10 November 2020

A monument in Lichfield
Cathedral recalls pioneer
in medical inoculations

The monument to Lady Mary Wortley Montagu (1689-1762) by the West Door of Lichfield Cathedral (Photograph: Patrick Comerford)

Patrick Comerford

Reports over the last day or two of a breakthrough in the scientific race to find a coronavirus vaccine has raised hopes of an immunisation programme before Christmas, starting with elderly people in care homes.

The outbursts of hope are reflected in the public response and on the stockmarkets. I wonder whether there were similar outbursts of joy in the mid-18th century when Lady Mary Wortley Montagu introduced the smallpox inoculation to Britain about 300 years ago, following her return from Turkey in 1718.

A monument beside the West Door in Lichfield Cathedral commemorates Lady Mary Wortley Montagu (1689-1762), who is remembered for her letters, her descriptions of her travels in the Ottoman Empire while her husband was the wife of the British ambassador to Turkey, and especially for introducing the smallpox inoculation to Britain from Turkey.

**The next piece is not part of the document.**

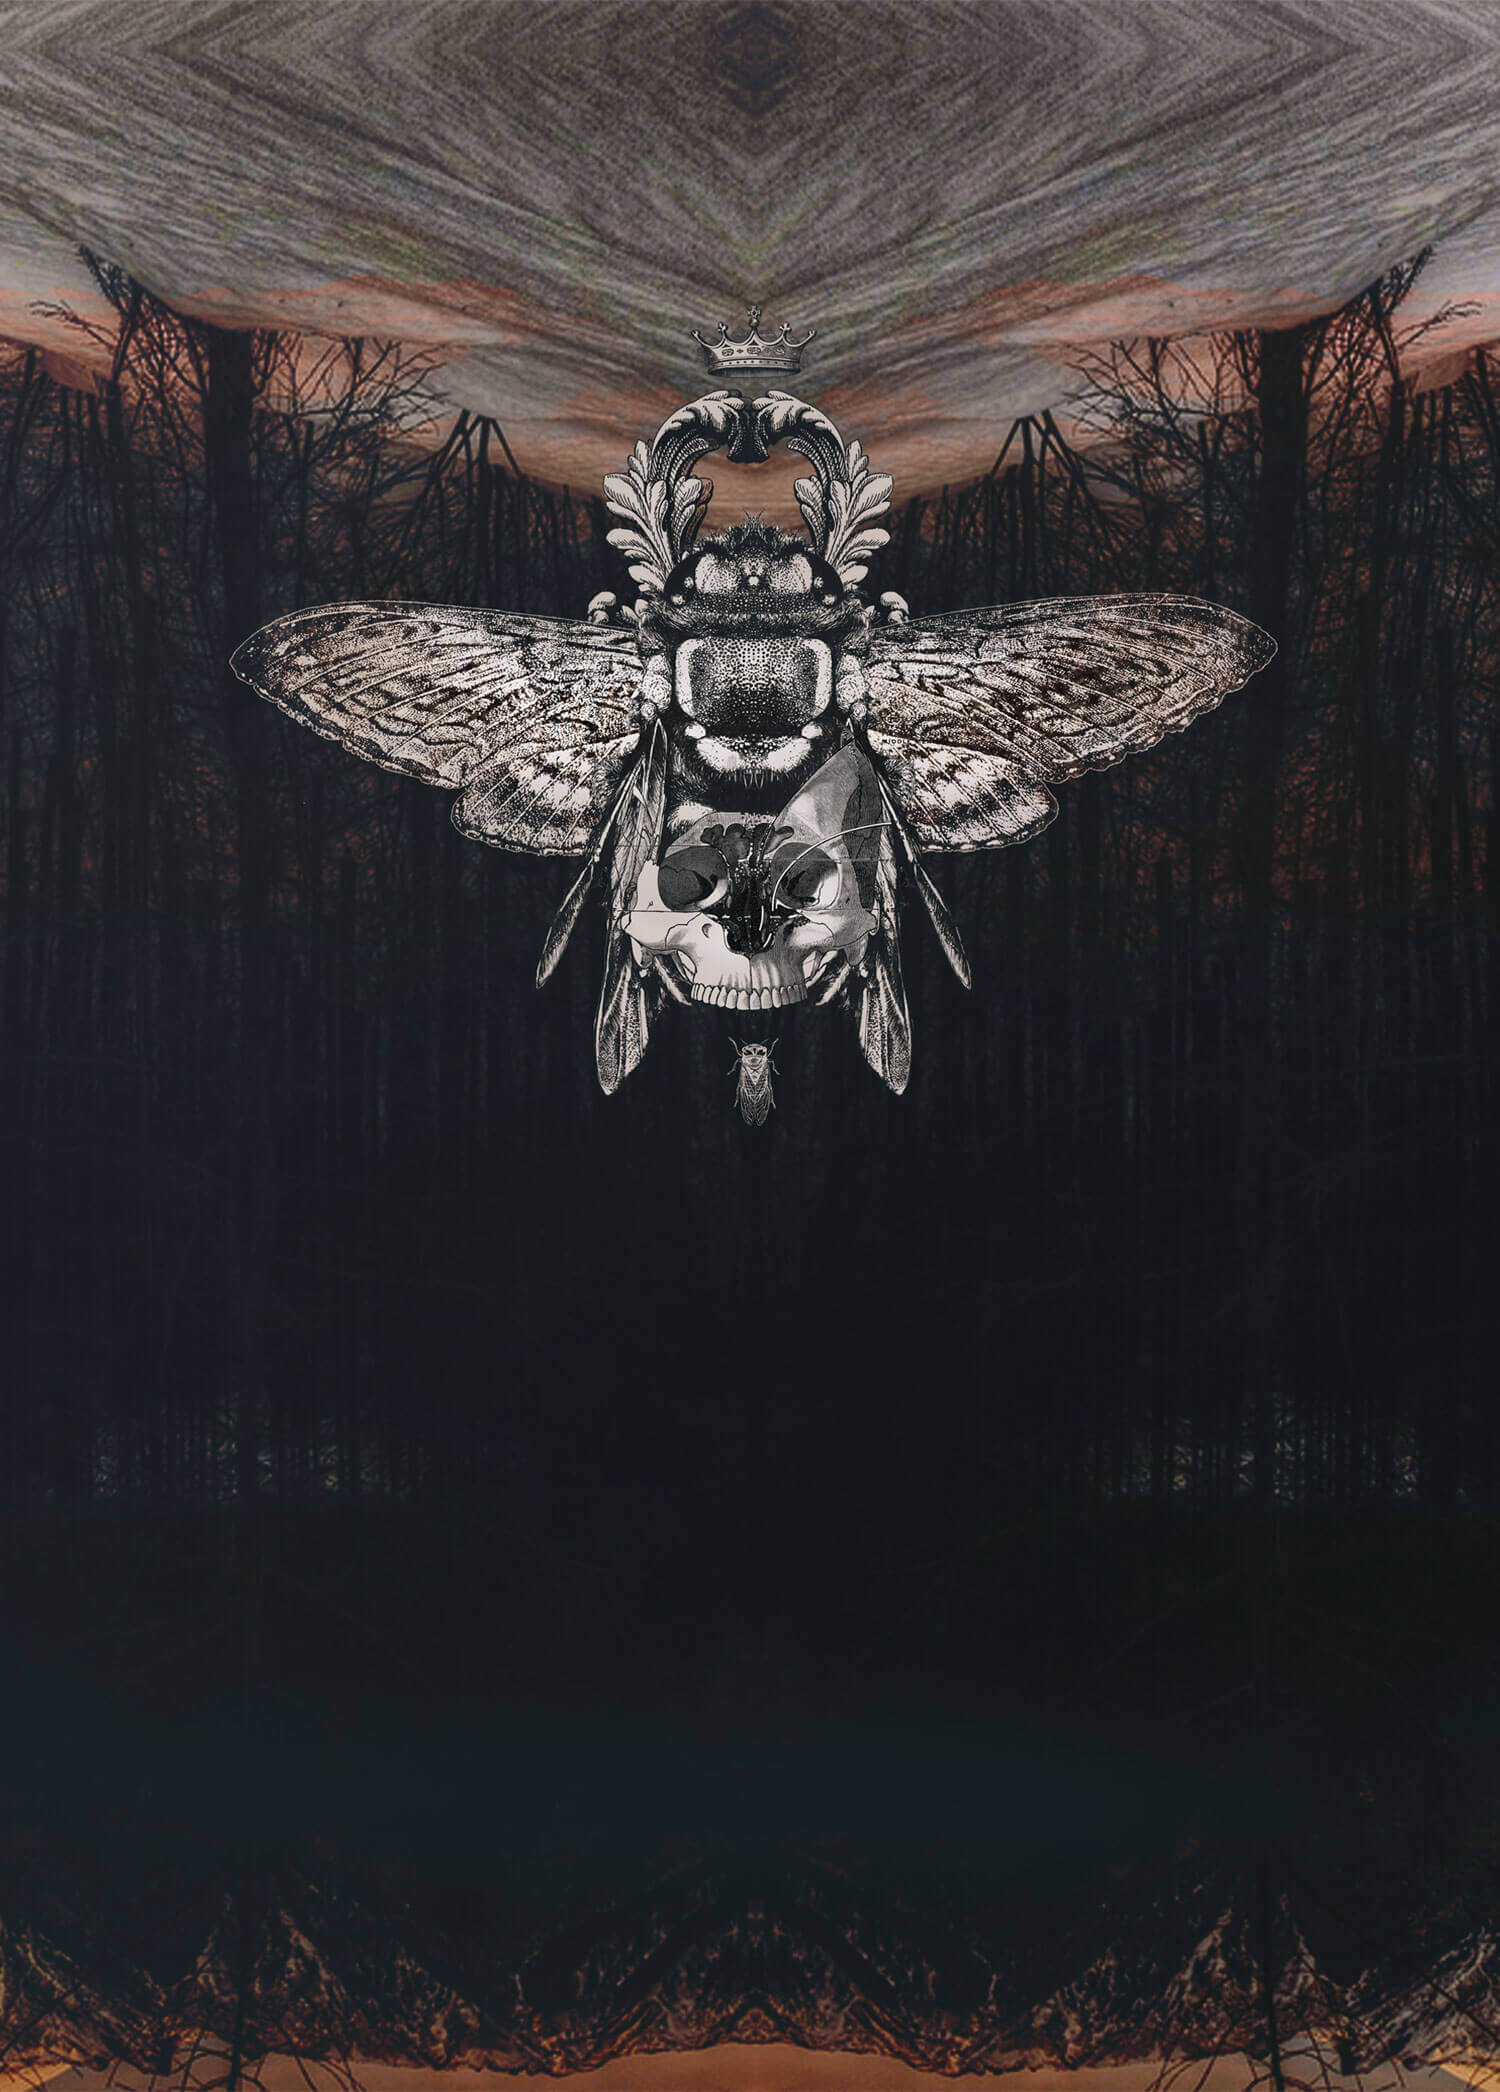 olga_mulica_forest_moth_1-1

She was born Lady Mary Pierrepont in 1689, a daughter of Evelyn Pierrepont, 1st Duke of Kingston-upon-Hull.

By 1710, Lady Mary had two possible suitors to choose from: Sir Edward Wortley-Montagu (1678-1761), MP for Huntingdon (1705-1713), and Clotworthy Skeffington, MP for Antrim (1703-1714) and, from 1714, the 4th Viscount Massereene in the Irish peerage.

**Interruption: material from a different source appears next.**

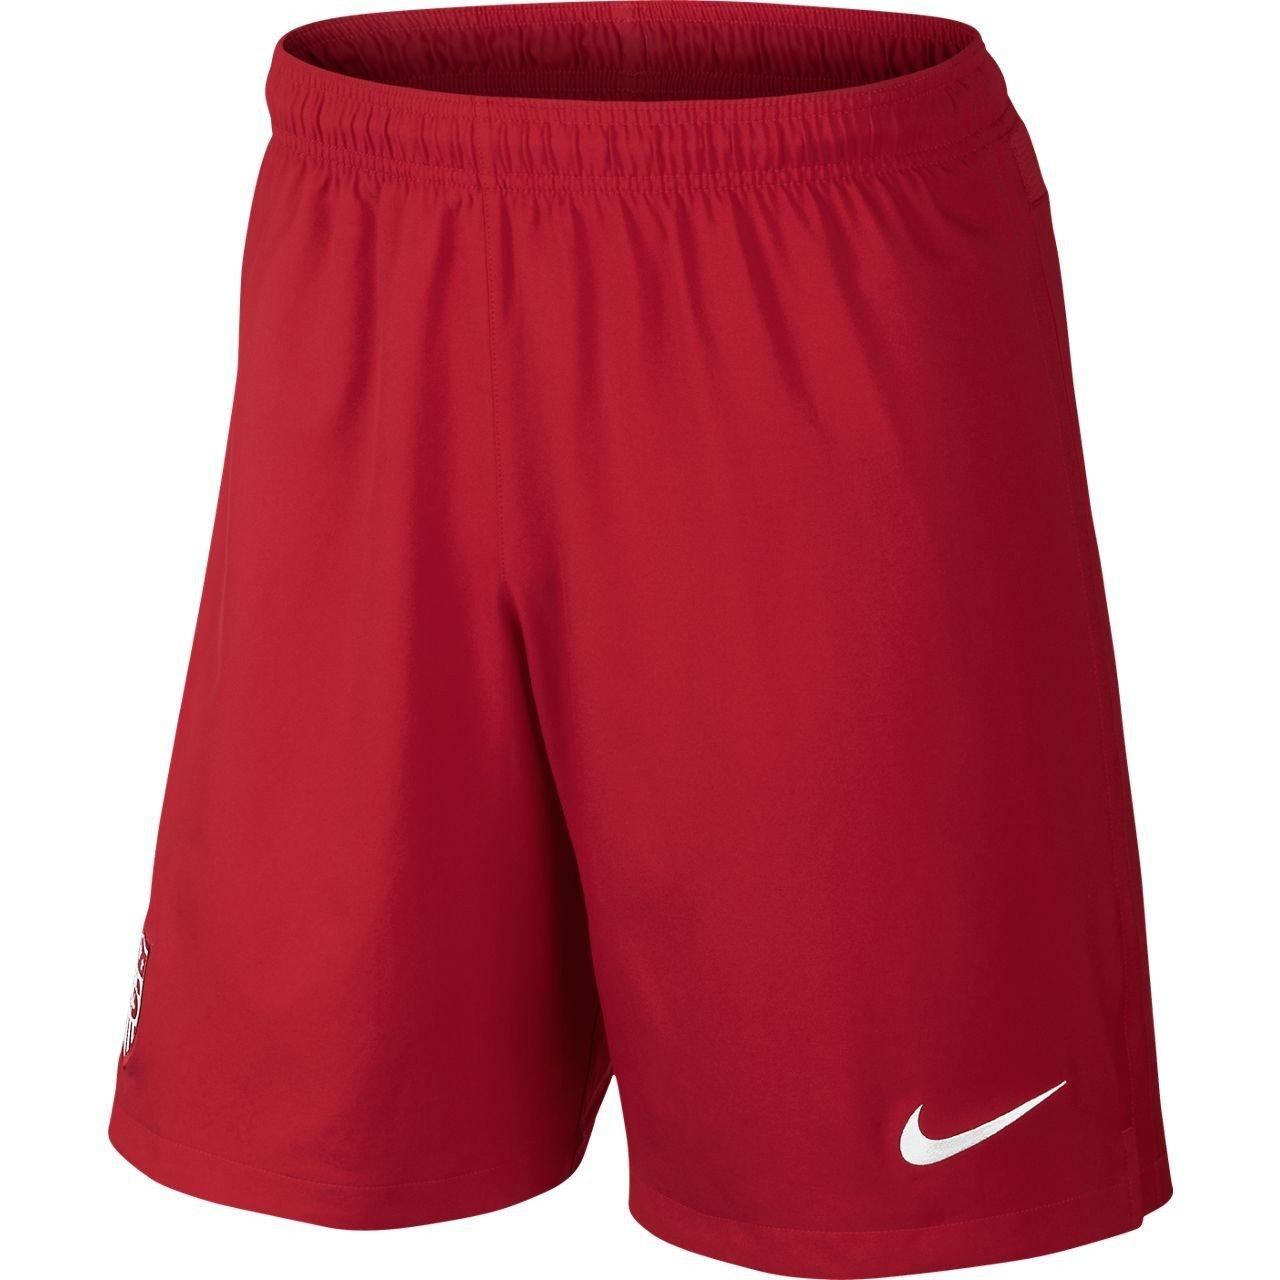 2014-15 USA Nike Away Shorts (Red) B00JEGMM8ERed S 26-28\

To avoid marriage to Skeffington, Mary eloped with Montagu, and they probably married on 23 August 1712. The Montagus and Harringtons, two inter-related families from Northamptonshire, were at the heart of the early years of Sidney Sussex College, Cambridge. James Montagu (1568-1618) was the first Master of Sidney Sussex and became Dean of Lichfield in 1603-1604.

Meanwhile, on 9 September 1713, Clotworthy Skeffington married Lady Catherine Chichester, sister of Arthur Chichester (1695-1757), 4th Earl of Donegall. The Skeffington family were the original proprietors of Fisherwick Park, between Lichfield and Tamworth. In the 1580s, William Comberford married Mary Skeffington, his first wife and a daughter of William Skeffington of Fisherwick.

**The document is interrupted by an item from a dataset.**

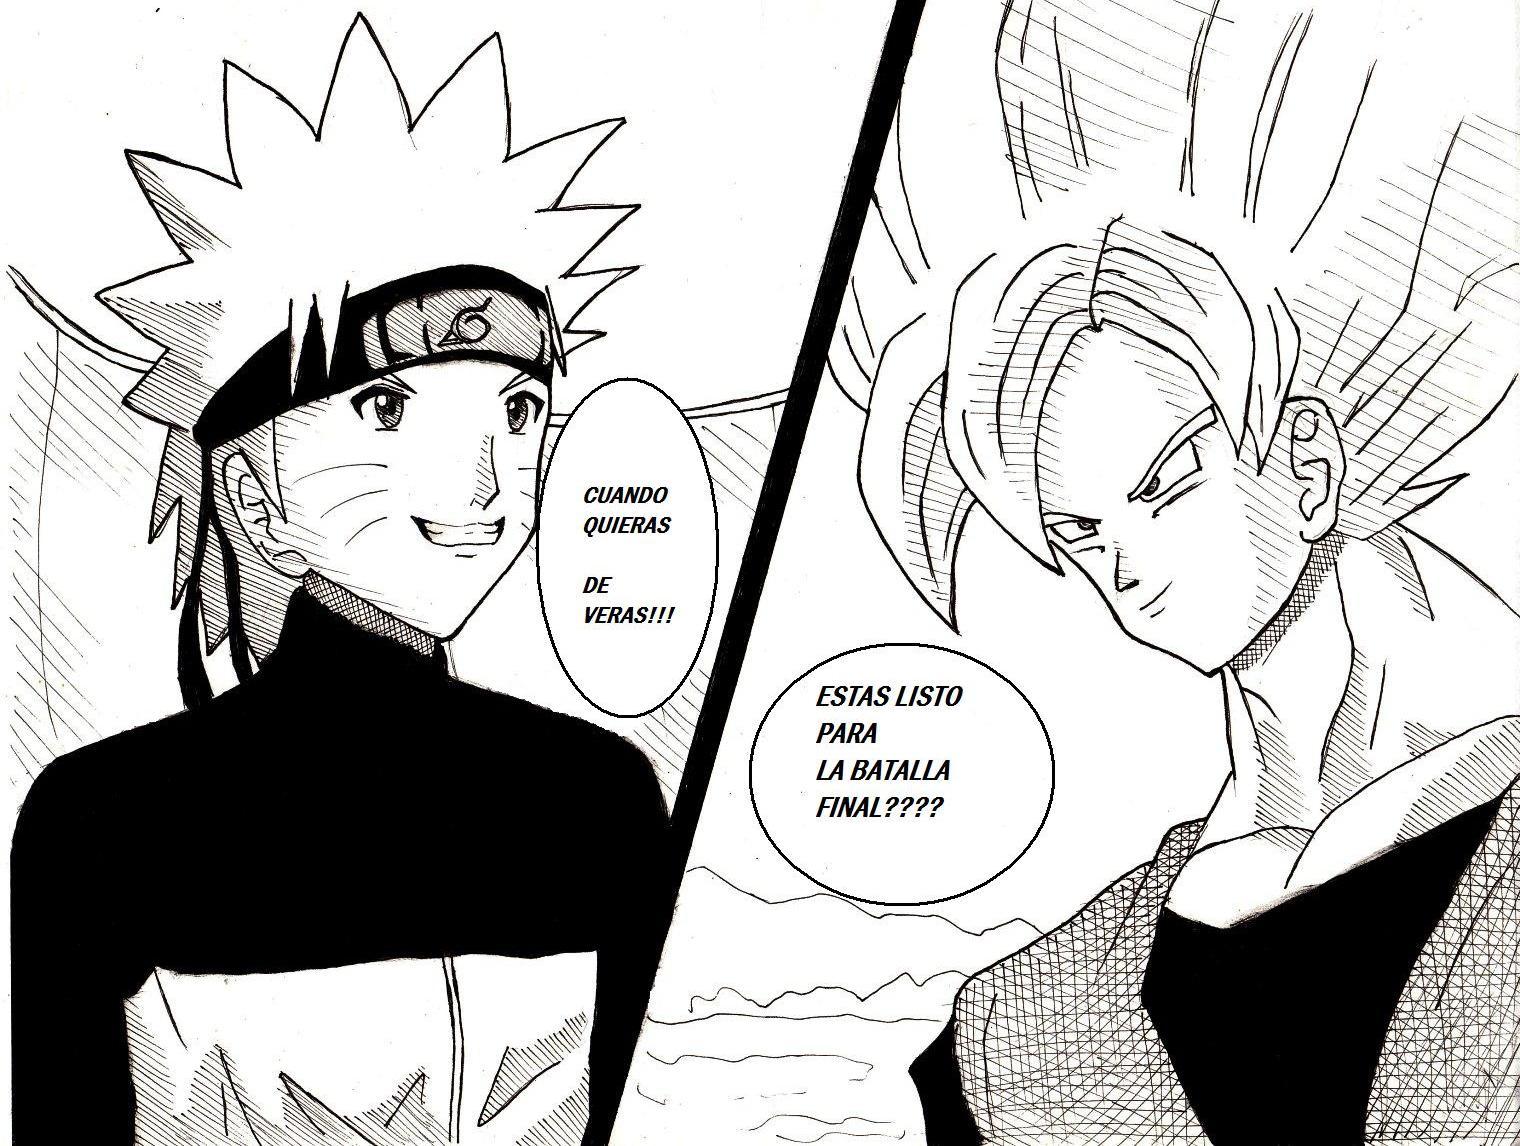 Goku vs Naruto shippuden by Nekoyasha87 on DeviantArt

This William Comberford entertained the future Charles I as his guest at the Moat House in Lichfield Street, Tamworth, in August 1619. The Skeffington family acquired Comberford Hall in the first half of the 18th century. Both Fisherwick Hall and Comberford Hall were bought by the Earls of Donegall in 1789.

Mary Wortley-Montagu’s brother died of smallpox in 1713, and her own famous beauty had been marred by a bout of smallpox in 1715, although she survived. A year later, Edward Wortley-Montagu was appointed the British Ambassador to Constantinople in 1716. She travelled with to Vienna in August, and from there they travelled on to Adrianople and Constantinople.

Edward Wortley-Montagu was recalled to London in 1717, but the couple, nevertheless, remained at Constantinople until 1718. They finally set sail for England, travelled through the Mediterranean, and arrived back in London on 2 October 1718.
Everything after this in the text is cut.